We use left-join since we would like to include everything in the merged wage dataset, but we only want to include the years in the gdp dataset that are in both datasets (2013-2021).

In [None]:
# Merging the dataset above for men and women's wages and gdp
mergedall = pd.merge(mergedwage, gdp_long, how='left', on=['year'])
mergedall.head(10)

A left join will keep all observations in the merged wage dataset and subset only from gdp. 

# Analysis

We start off by creating a summary table for men and women's wage in the given age intervals, where we look at the mean, std, min, max and the three fractils (25%, 50% and 75%).

In [None]:
mergedall.groupby(['age_intervals'])['wagemen', 'wagewomen'].describe().head(11)

In the table above we see that the mean wage for men is lowest for the age group "under 20 years" and highest for the age group "45-49 years". However, the maximal value for men's wage is given in the age group "50-54 years".

For women the highest and lowest mean is the same age groups, but the maximal value of wage for women is given in the age group "45-49 years".

In general, the mean for men's wages are overall higher than women's wages in all age groups except the age group "under 20 years".

In [None]:
# We create a figure
fig = plt.figure()
ax = fig.add_subplot(1,1,1)

# We group by years and choose only to look at the wages for men and women
mergedall.groupby('year')['wagemen', 'wagewomen'].mean().plot(ax=ax,style='-o')

# We set the labels and title
ax.xaxis.set_ticks(np.arange(2013, 2022, 1))
ax.set_ylabel('Wage in million DKK')
ax.set_title('Wage development for men & women');

# We dublicate the above figure to be able to make two y-axis
ax2=ax.twinx()

# Creating the plot
ax2.plot(mergedall['year'], mergedall["gdp"],color="maroon",marker="o",label='GDP')
ax2.set_ylabel("GDP")
ax2.legend(loc='center left', bbox_to_anchor=(1.15, 0.63))
ax.legend(loc='center left', bbox_to_anchor=(1.15, 0.75))

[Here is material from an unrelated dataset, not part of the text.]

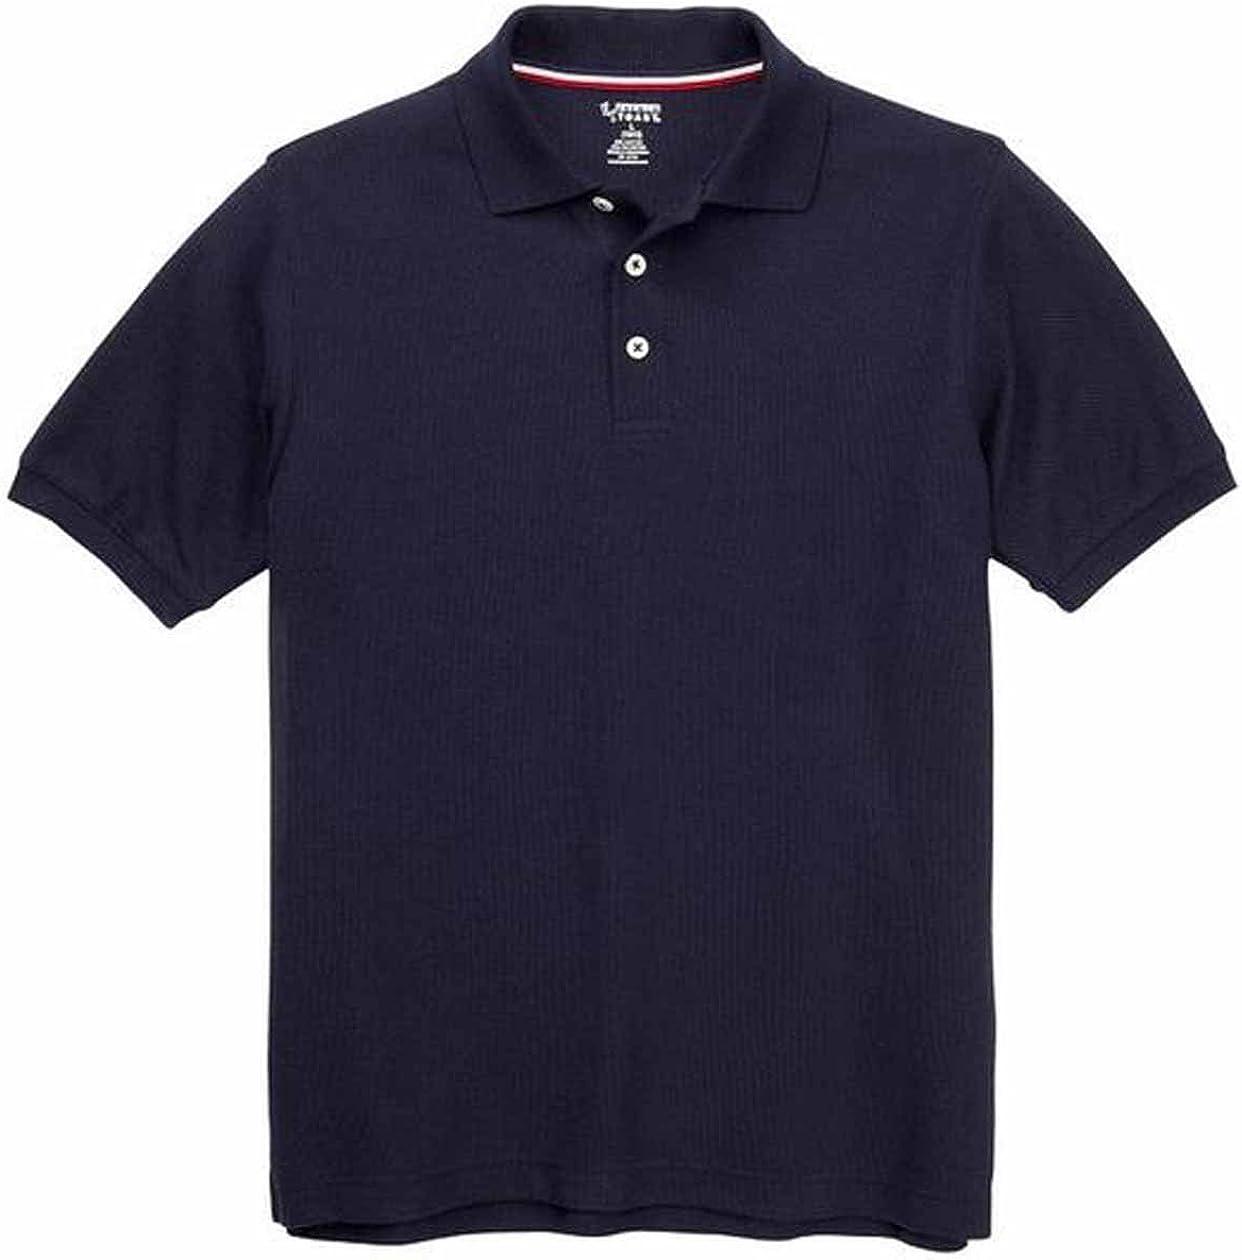 French Toast Boys Short Sleeve Shirt 2 Pack Polo's (XL (14/16), Navy)
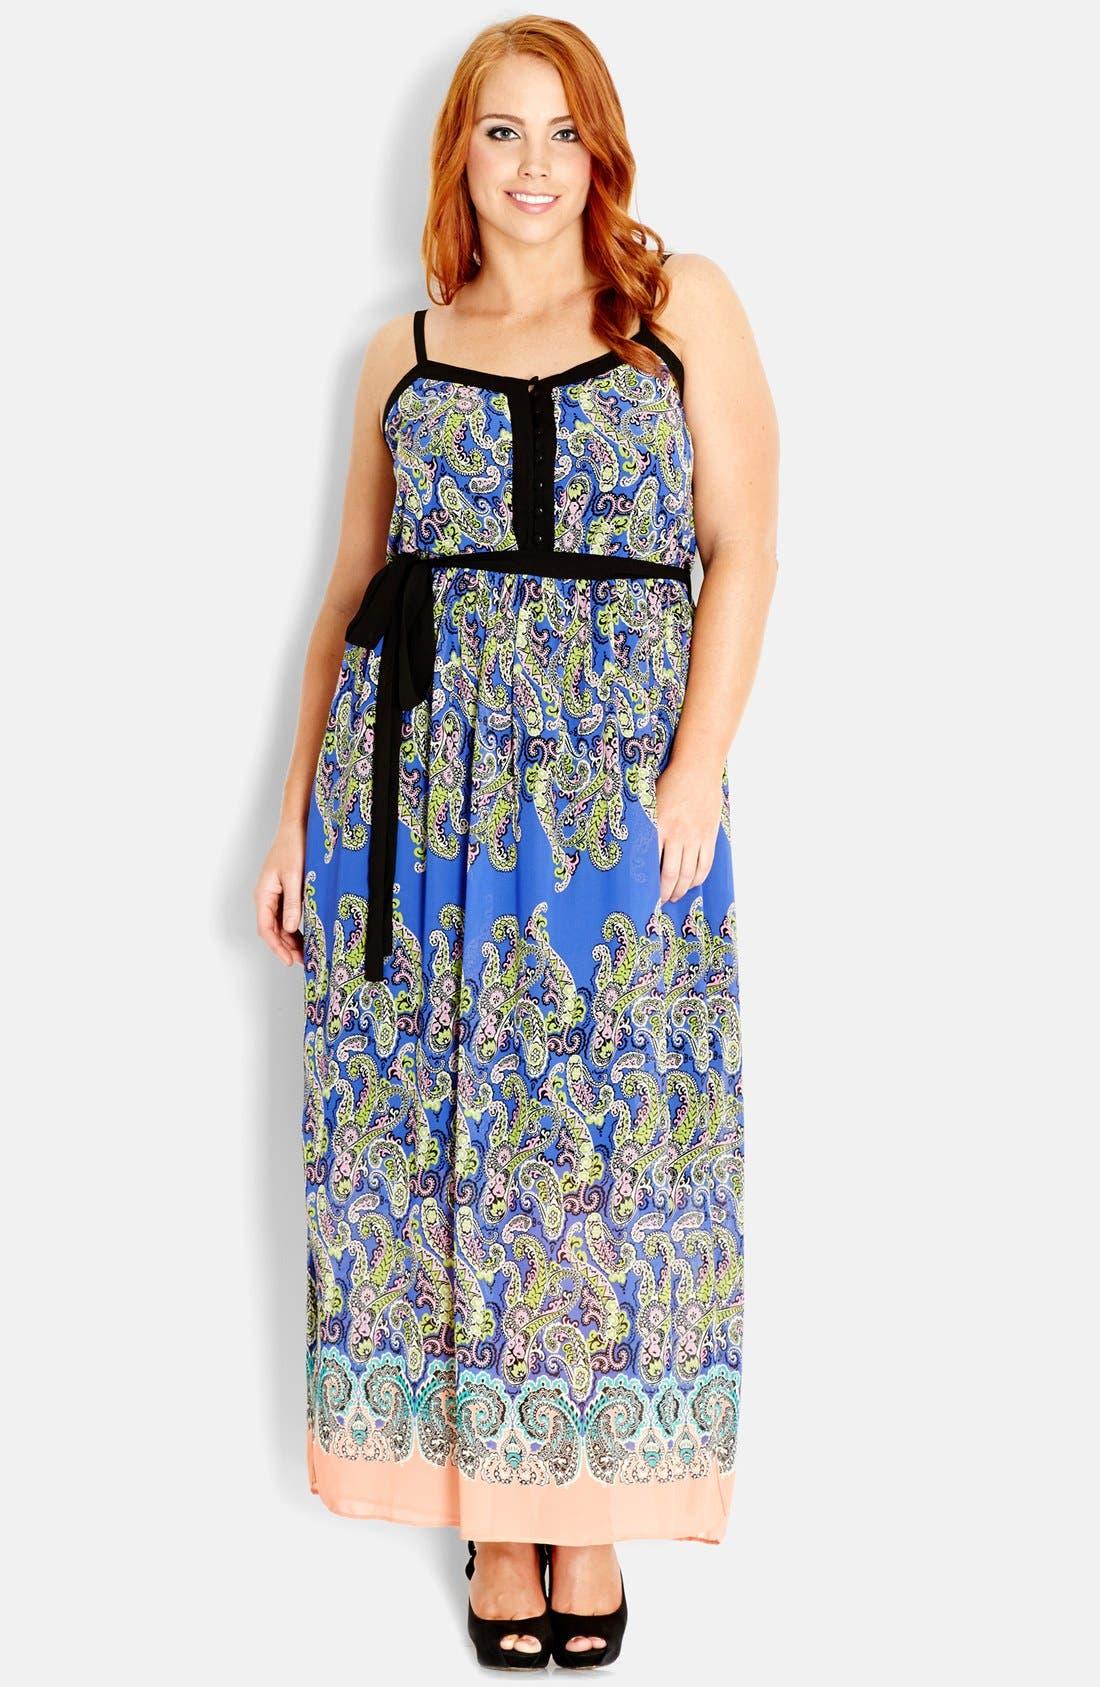 Alternate Image 1 Selected - City Chic 'Paisley Blues' Maxi Dress (Plus Size)

Overall for the figure above we see an increasing trend for all three variables. 

For the two wage variables we see that men's wages are higher than women's wage for the whole period, but that the gap is decreasing. 

GDP is decreasing from 2019 to 2020, but we see that this have no direct impact on the wages.

# Conclusion

Through this project we have shown that the average wage for men is higher than the average wage for women, and that the GDP does not have any direct impact on the wages in the period 2013 to 2021.